##### Source data #####

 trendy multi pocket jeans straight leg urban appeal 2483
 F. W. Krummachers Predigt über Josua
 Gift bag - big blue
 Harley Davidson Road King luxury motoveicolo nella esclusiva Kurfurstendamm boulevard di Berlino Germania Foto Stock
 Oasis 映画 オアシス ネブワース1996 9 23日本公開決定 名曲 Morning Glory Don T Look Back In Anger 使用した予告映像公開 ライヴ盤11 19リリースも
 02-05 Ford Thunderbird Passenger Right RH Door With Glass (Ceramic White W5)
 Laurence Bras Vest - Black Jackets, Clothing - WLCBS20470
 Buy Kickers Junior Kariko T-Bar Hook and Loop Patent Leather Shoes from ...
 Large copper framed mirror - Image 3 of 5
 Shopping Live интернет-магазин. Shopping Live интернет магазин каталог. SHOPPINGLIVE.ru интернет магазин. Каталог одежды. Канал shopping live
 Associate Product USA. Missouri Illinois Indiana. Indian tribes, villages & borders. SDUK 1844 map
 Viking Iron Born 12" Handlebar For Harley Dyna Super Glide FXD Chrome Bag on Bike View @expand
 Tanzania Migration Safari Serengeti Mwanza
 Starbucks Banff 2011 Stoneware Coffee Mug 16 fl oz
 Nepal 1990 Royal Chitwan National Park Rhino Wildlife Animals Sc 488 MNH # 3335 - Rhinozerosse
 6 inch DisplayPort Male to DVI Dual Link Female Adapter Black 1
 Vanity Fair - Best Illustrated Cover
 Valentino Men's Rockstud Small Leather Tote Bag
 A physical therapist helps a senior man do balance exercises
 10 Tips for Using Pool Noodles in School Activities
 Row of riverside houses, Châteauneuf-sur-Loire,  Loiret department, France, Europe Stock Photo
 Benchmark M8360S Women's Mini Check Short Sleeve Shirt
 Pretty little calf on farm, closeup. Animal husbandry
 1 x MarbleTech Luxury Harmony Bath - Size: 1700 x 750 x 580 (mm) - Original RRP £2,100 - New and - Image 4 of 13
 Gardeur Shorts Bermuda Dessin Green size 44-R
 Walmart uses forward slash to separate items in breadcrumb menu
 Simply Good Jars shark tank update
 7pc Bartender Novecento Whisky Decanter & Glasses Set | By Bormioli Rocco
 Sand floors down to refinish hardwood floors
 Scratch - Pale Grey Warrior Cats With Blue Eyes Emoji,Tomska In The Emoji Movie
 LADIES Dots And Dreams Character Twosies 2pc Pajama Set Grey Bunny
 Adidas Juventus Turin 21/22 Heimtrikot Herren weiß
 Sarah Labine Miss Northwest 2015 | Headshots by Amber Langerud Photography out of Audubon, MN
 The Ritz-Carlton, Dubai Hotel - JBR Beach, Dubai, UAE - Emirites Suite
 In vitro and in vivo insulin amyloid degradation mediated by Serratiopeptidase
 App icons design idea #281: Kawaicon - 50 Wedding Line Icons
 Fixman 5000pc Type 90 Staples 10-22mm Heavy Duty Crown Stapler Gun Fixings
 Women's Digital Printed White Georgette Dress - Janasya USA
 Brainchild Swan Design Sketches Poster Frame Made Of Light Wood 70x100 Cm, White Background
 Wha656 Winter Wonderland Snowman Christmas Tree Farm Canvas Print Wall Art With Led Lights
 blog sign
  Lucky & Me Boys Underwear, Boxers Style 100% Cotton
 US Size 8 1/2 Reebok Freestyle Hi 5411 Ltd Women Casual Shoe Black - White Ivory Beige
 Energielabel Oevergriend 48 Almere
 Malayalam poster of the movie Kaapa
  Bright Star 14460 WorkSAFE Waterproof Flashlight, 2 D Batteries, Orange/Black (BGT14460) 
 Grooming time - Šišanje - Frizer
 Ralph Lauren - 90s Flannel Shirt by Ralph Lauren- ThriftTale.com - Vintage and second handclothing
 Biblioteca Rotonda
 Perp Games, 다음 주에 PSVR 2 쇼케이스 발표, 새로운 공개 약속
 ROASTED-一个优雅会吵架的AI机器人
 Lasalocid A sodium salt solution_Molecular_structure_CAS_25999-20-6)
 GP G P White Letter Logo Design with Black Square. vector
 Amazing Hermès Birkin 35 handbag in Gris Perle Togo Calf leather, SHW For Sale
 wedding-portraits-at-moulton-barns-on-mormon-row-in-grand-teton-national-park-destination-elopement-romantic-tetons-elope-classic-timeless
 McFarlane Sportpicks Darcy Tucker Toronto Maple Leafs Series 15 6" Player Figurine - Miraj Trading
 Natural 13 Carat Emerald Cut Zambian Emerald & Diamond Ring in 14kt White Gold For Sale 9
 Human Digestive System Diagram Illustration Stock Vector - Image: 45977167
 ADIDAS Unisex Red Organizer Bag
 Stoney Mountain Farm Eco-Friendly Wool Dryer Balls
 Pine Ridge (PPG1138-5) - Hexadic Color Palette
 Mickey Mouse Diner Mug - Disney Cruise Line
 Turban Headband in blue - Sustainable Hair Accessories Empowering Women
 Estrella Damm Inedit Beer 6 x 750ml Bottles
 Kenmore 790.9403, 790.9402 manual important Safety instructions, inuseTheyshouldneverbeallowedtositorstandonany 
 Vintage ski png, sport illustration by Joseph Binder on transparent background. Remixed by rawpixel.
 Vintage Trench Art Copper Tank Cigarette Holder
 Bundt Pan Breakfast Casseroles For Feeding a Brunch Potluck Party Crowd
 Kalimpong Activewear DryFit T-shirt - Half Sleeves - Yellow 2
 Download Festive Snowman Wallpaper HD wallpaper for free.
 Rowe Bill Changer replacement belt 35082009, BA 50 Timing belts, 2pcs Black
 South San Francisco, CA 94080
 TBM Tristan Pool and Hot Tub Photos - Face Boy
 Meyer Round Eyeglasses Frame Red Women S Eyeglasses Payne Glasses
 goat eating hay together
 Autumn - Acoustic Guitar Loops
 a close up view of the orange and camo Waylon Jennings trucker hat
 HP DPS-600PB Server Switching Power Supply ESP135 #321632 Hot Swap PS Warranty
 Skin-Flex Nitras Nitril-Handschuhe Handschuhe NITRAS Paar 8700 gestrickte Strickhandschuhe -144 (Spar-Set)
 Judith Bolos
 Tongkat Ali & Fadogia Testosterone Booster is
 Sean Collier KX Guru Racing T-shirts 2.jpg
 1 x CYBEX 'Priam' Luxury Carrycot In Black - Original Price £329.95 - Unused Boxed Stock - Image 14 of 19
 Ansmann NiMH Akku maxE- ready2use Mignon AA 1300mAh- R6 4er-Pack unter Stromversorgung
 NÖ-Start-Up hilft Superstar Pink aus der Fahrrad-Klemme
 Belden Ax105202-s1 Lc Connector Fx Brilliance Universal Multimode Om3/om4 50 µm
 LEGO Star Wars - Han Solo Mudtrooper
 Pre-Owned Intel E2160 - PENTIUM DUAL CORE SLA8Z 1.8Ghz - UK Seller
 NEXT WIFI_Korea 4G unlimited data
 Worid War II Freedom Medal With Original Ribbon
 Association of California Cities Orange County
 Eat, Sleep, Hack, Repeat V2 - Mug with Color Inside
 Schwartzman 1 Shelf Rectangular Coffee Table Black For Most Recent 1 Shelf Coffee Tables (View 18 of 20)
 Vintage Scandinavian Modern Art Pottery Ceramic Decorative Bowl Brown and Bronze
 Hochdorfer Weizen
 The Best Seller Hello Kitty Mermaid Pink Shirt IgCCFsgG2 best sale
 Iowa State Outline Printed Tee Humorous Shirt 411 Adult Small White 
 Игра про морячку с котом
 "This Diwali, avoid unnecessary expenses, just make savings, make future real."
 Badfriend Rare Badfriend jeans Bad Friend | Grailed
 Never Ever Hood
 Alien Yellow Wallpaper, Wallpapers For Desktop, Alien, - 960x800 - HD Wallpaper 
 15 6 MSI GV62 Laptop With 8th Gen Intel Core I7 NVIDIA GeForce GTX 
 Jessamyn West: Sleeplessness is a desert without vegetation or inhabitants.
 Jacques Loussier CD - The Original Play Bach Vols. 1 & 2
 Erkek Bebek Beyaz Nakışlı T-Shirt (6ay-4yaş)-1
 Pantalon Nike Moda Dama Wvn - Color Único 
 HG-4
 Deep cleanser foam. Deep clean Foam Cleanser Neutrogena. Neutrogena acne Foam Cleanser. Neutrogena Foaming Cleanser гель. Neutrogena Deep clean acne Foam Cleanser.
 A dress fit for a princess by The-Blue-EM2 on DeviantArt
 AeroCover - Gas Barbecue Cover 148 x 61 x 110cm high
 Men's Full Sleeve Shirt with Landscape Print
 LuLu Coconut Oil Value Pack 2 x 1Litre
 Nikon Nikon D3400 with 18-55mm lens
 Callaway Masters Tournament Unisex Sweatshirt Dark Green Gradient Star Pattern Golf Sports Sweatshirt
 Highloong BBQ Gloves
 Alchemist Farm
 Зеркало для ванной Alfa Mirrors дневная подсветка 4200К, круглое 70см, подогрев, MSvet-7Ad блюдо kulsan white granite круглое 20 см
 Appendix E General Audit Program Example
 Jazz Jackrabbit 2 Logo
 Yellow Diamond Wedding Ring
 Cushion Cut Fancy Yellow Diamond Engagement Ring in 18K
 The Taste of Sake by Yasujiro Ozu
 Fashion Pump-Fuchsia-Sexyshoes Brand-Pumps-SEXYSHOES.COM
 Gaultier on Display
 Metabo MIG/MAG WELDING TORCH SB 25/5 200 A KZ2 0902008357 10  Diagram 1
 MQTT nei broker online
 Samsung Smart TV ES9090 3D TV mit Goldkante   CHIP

#####

How to complete this task – Go through the entries above and count each line that contains the string "Ceramic". Reply only with the total.

Output of the task – 2